Religion: A Burden or a Discovery?
Around the time I was six or so, I started to notice that every Sunday I was left by myself, as all my friends went off to church and then something called “Sunday School.” I was puzzled. The weekends were for playing, but school isn’t fun? I thought to myself.
My parents danced around this subject for as long as possible, avoiding the topic like a plague. “It’s not fun Sam, it’s just more school that you don’t need,” my father told me. “You’re not even Catholic. You tell me in five years that you still want to go, and you can go.” No matter how much I resorted to pleading with them, they just kept forcing out the issue. I was resentful about this for a while, but as time went by, I heard more and more complaints from my friends. They were stuck in a musty old church for the better part of every weekend, and I got to watch cartoons.

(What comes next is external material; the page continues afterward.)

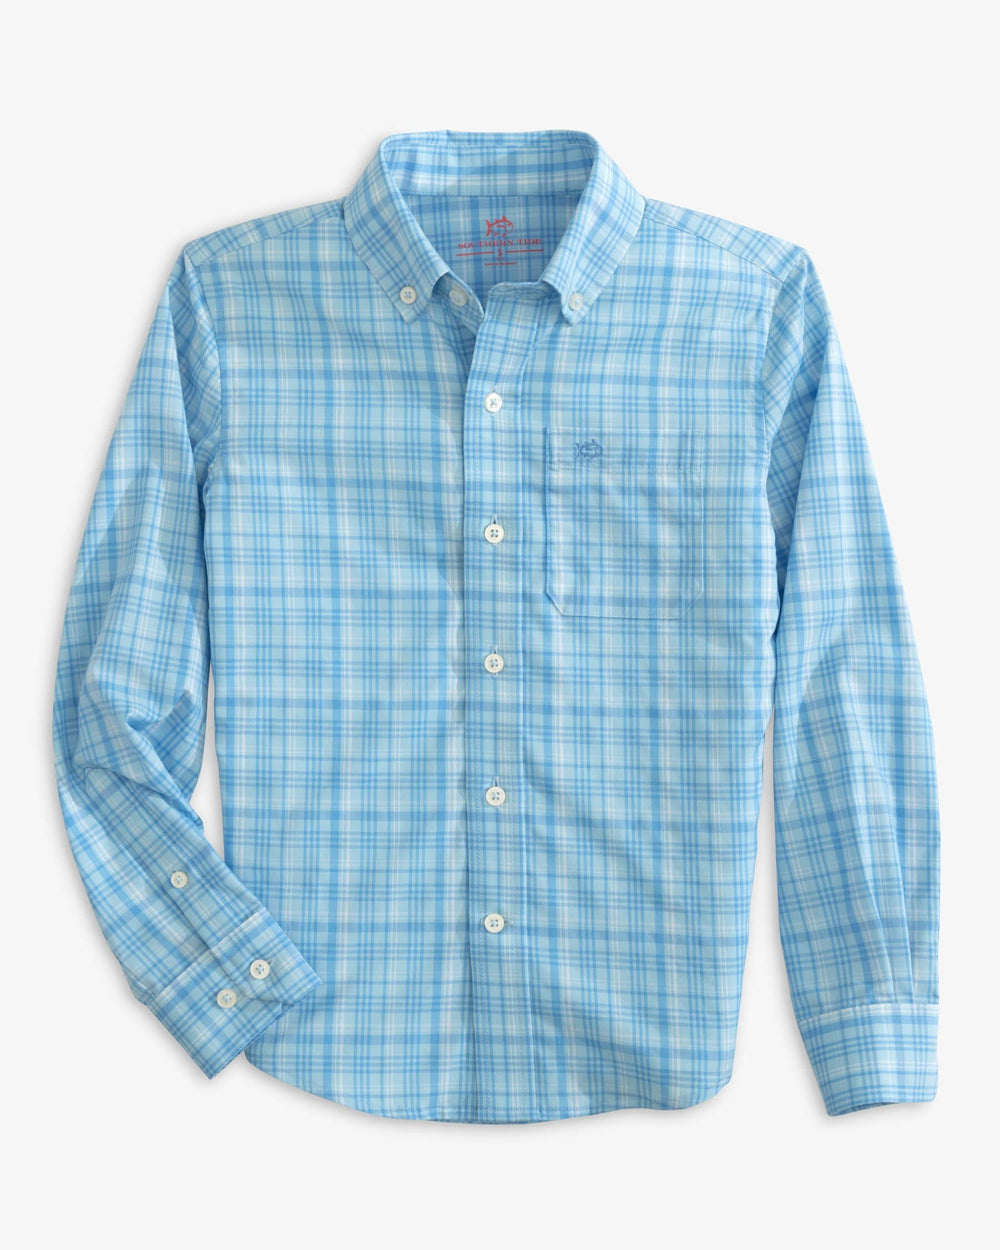 The front view of the Southern Tide Boys Keowee Plaid Intercoastal Sport Shirt by Southern Tide - Rain Water

Now I realize why I was never brought up in any religious atmosphere: religion is a choice, and I was too young to make it. My mother grew up in the middle of Bible-belt, rural Minnesota, and my father in an essentially all Jewish community in suburban Scarsdale, New York. When they married, they agreed that it was best to let me and my brother grow up without any religious influence. After all, if it’s supposed to be a personal belief, then why not discover it on your own?

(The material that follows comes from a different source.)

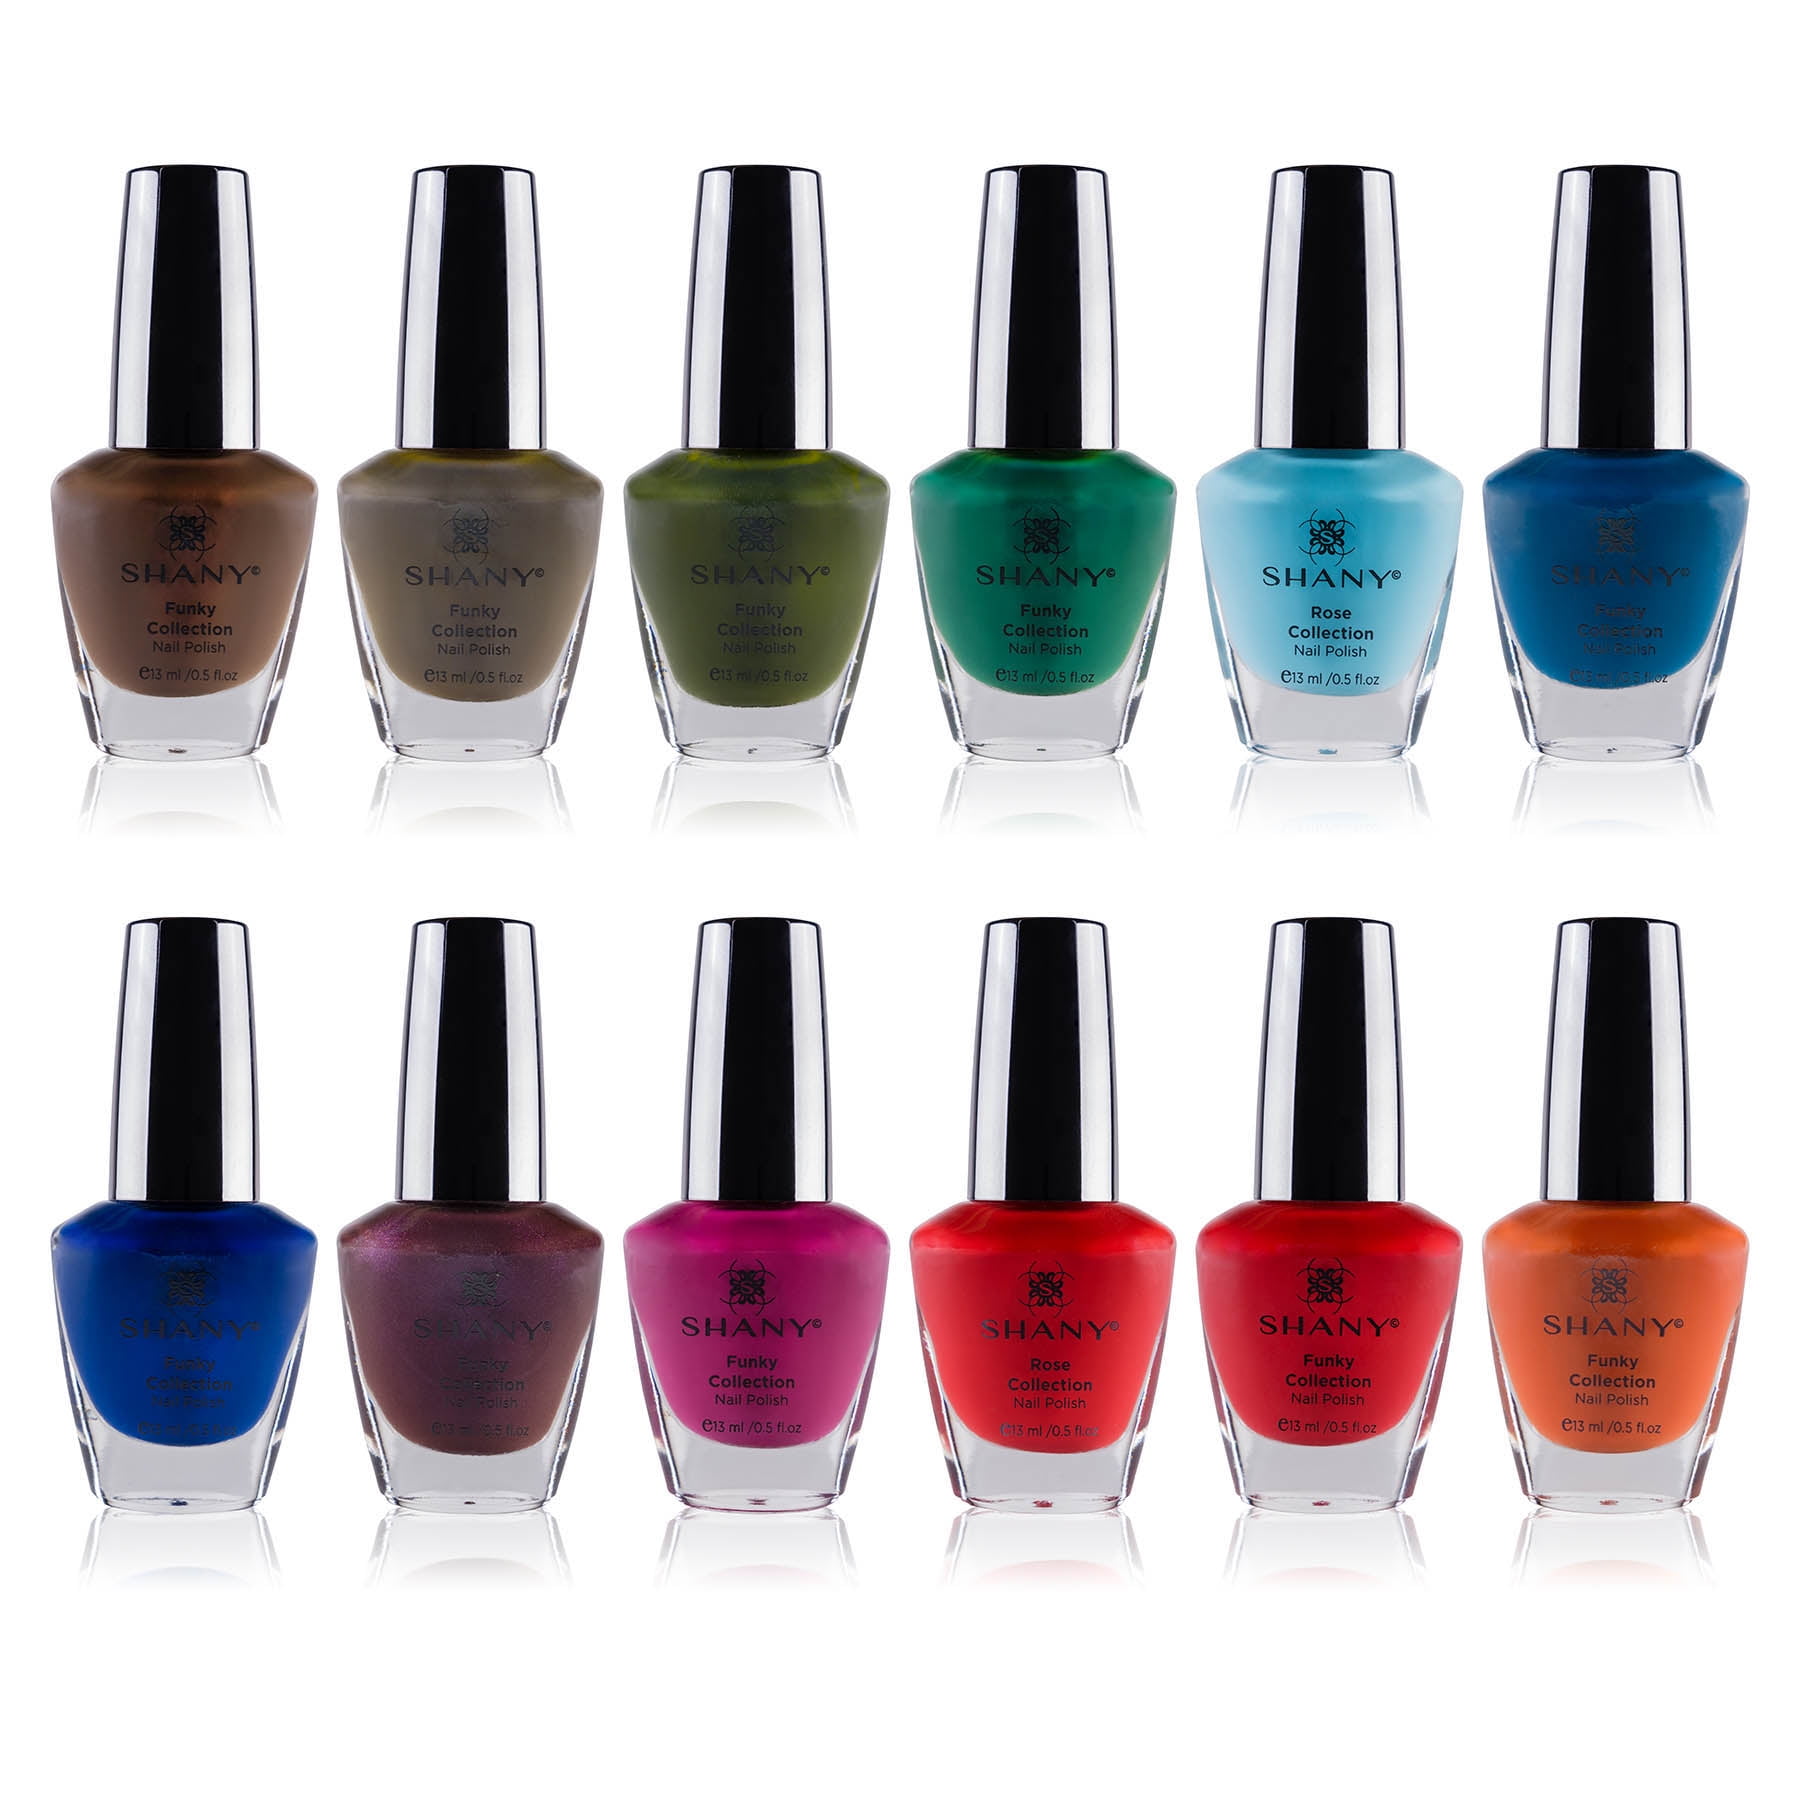 SHANY Cosmetics Nail Polish Set - 12 Spring Inspired Shades in Gorgeous  Semi Glossy and Shimmery Finishes - Pastel Collection

I believe this is the only way for people to truly find the values that are right for them. It is far too common that people are born into a religion, and keep that faith for their entire life just because they were never introduced to anything different. Kids are impressionable. They have an idea instilled in them early enough and hard enough, and this idea eventually hardens itself into a belief. Thus because I was never identified as anything as a child, I am now able to choose my own identity. I do not believe what I am told. I believe what I have discovered.
I believe that one day my children deserve the right to choose their own future. This is by no means to say that it is not within one’s right to raise their kids in the way that one sees fit; but just to say that everyone deserves the chance to develop their own mind. Too many of my friends I heard complaining about going to church on Good Friday, telling me how fortunate I am that I don’t have to study the Torah for my Bar Mitzvah. Religion is not a burden, passed on through generations by birth. It is a set of values, and values should be made on a personal level. Everyone deserves the right to discover their own.